Tuesday, June 8, 2004day link 

 Attention Economy
Seb Paquet:
I think Phil Jones provides a powerful insight in his page on Google Juice. As attention online becomes explicit and accounted for, we may "start to apply it more, to put it to better use, going out of our way to earn it by writing more, and thinking more and offering other favours to our net-friends. In other words, an attention economy can stimulate people to do stuff the same as the money economy."
Hm, yeah. We are to a large degree moving into or already living in an attention economy. Which suddenly makes it a bit worrying if Google is the bank. If Google adjusts their page ranking algorithm a tiny bit, "fortunes" change hands, in terms of attention. Is that good and fair? Shouldn't the mechanism somehow be in our collective hands? No good way of accomplishing that at this point, but it is an important issue, as one's Google fueled attention account gets increasingly important. Phil Jones also says:
In the old money economy, passing money around was the definition of or the creation of economic activity. It's what let us "measure" economic activity. In fact the indexes of economic growth can be increased simply by pulling gifts, favours, friendship services from the non-accounted realm into the payed realm.
So if we're serious about such an economy being meaningful, does it then make sense to work hard on increasing one's holdings of attention? Maybe, maybe not. It is noteworthy that the people who work most hard on improving their position are not the people who most naturally circulate in such new kinds of economies, but rather the folks who're thinking of money and advertising and leverage all day. The people who tend to do best in the attention economy are exactly those who "act naturally", who don't waste any time jockeying for position. I don't think Doc Searls or Joi Ito are scouting around for people to do link exchanges with or who they can persuade to be their friends. They're following their own authentic attention and interests, and that is what is interesting about them.

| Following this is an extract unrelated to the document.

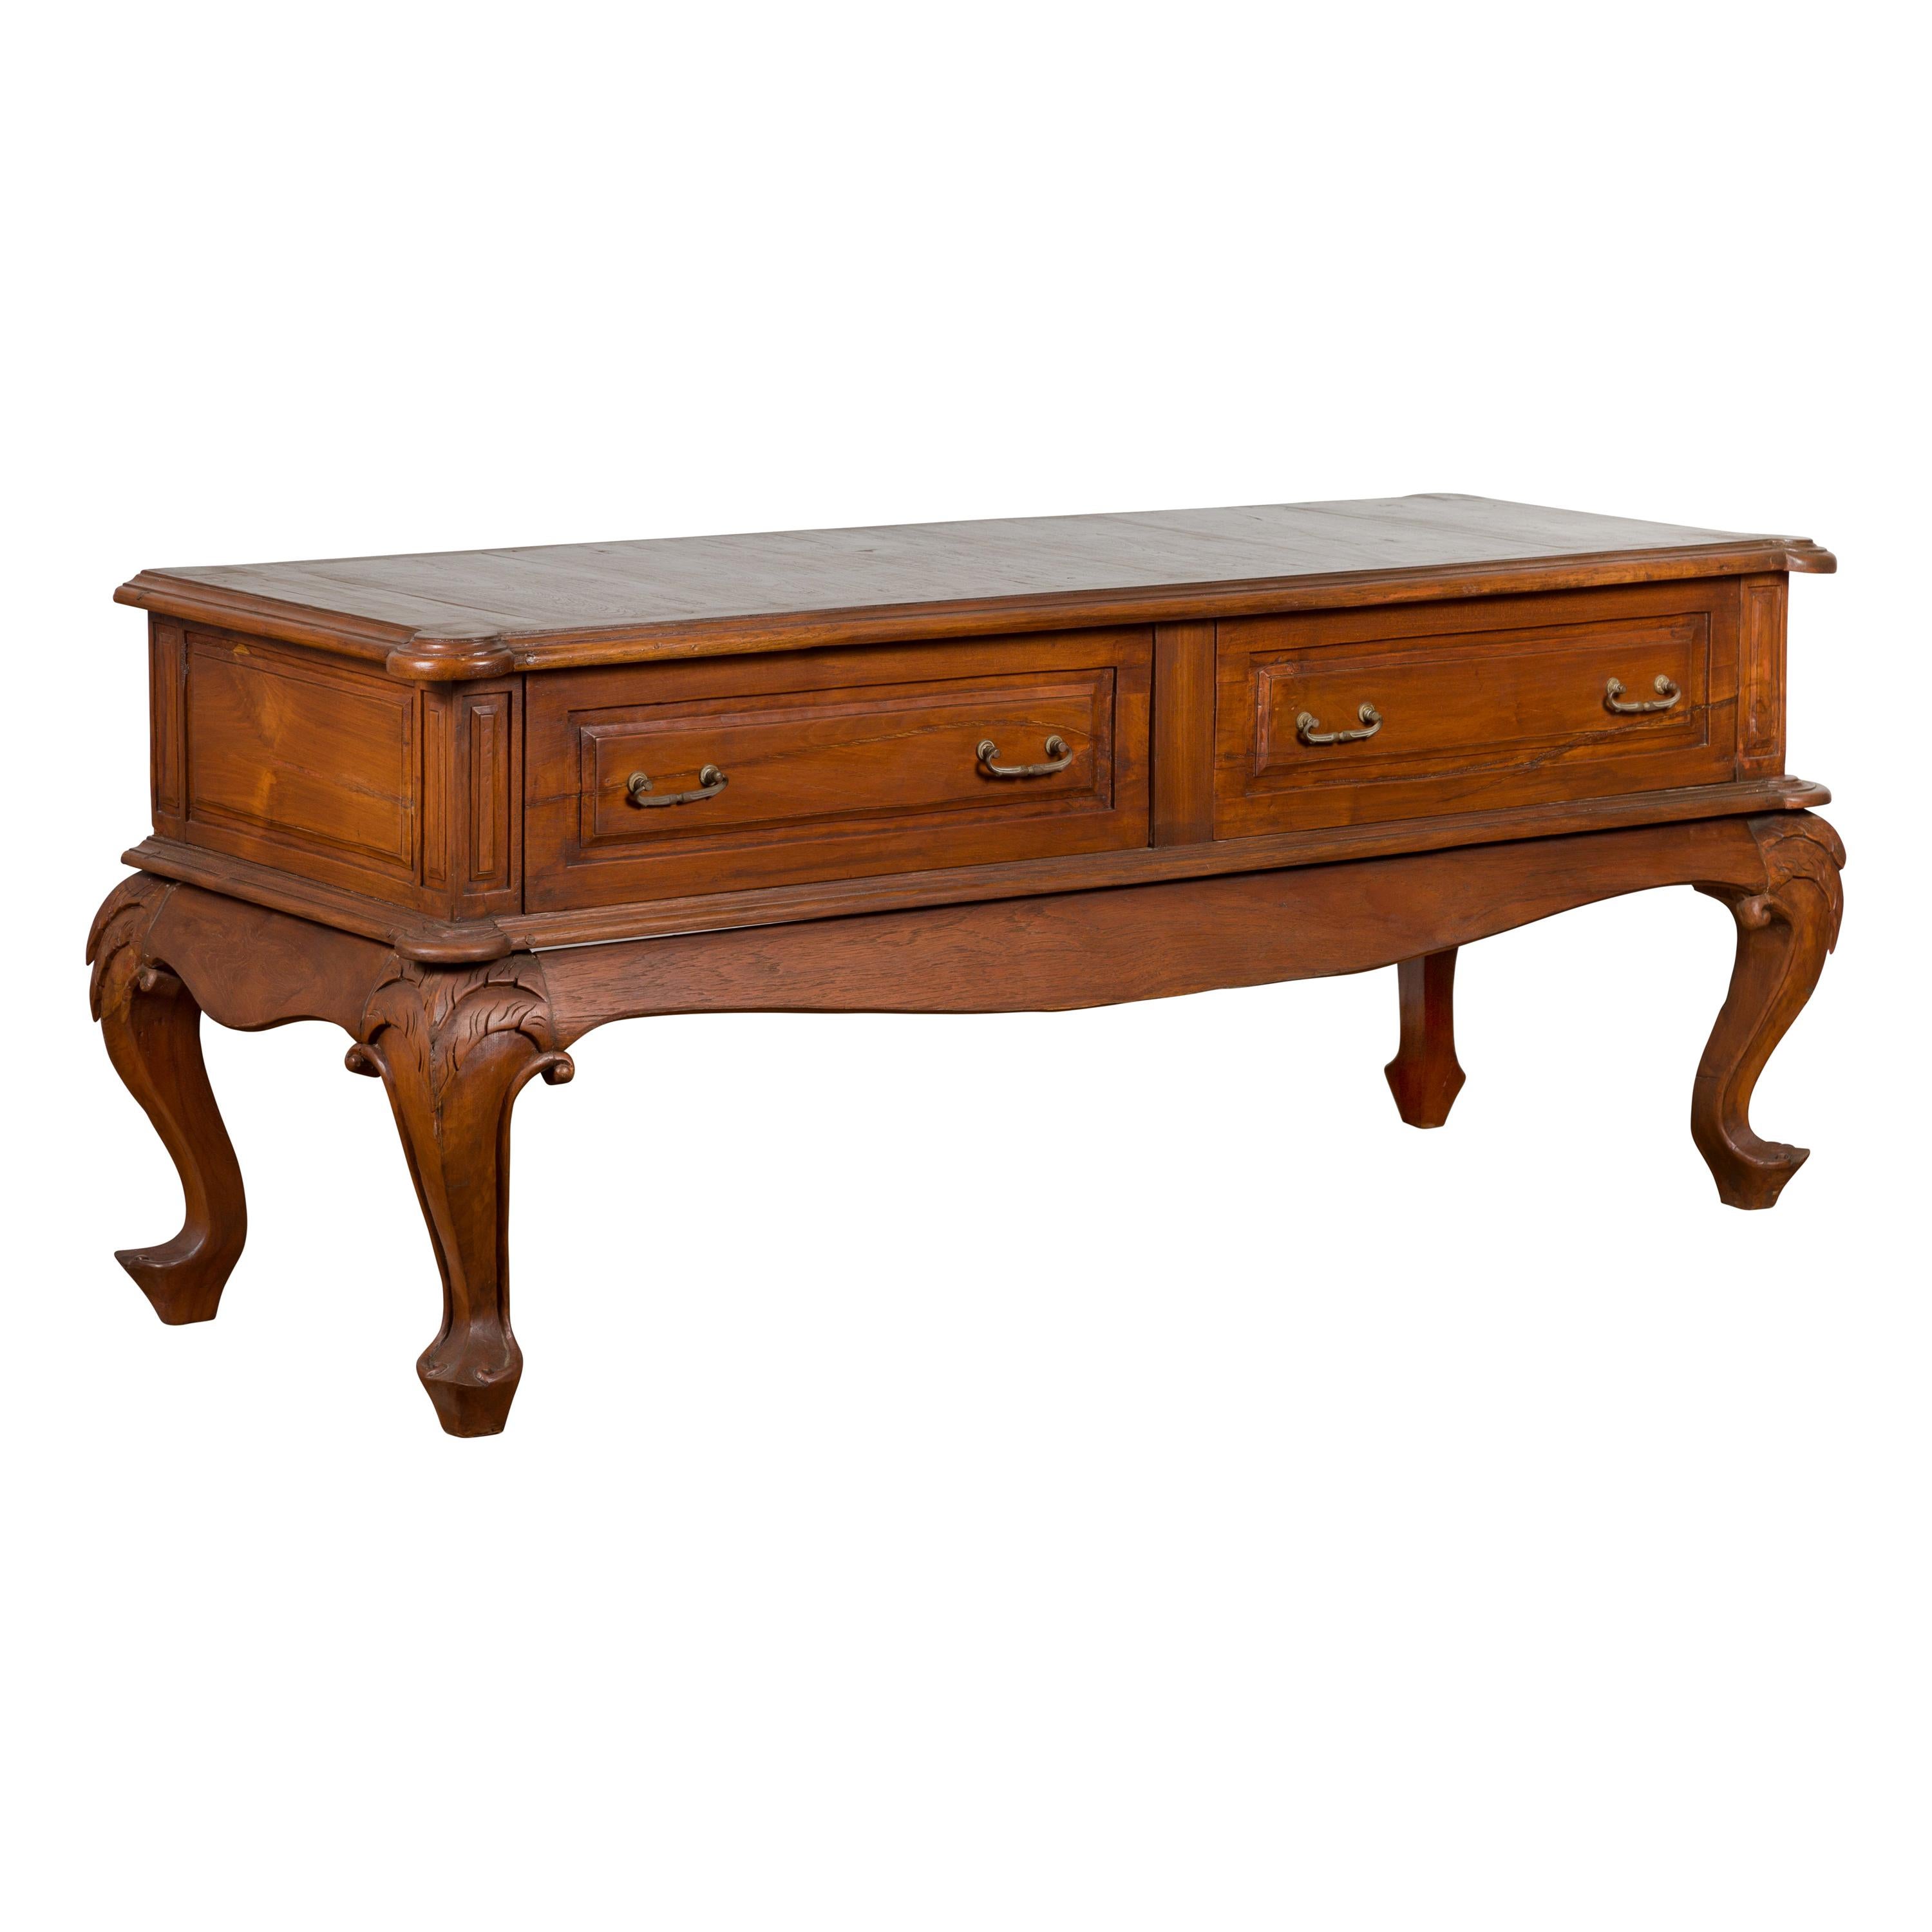 Dutch Colonial Early 20th Century Low Table with Two Drawers and Cabriole Legs For Sale

What we need is rather ways of weeding out the fake attention. Sure, I'd enjoy if more people were reading what I'm saying. But I know very well that if I made a hundred fake websites that linked to myself, that wouldn't really do it, even if I could temporarily fool Google to bring me more traffic. Google already brings me plenty of attention, more than I deserve on certain subjects.

Should I work on finding a lot of new friends on Orkut and Ryze? Would it make me a more popular guy who's rich in attention? Maybe, but only if I really have anything to say that's worth paying attention to.

In brief, I think that, no, the thing to do is NOT to treat attention as if it were cash you could just circulate around to create economic activity. It works by different rules altogether. If our shared information space becomes sophisticated enough, we might get better at drawing and giving attention where it really is warranted. Which might include some activities that vaguely resemble self-promotion. But beyond a certain somewhat fuzzy line it starts being virtual check kiting. And that is going to turn out to not be very useful to anybody.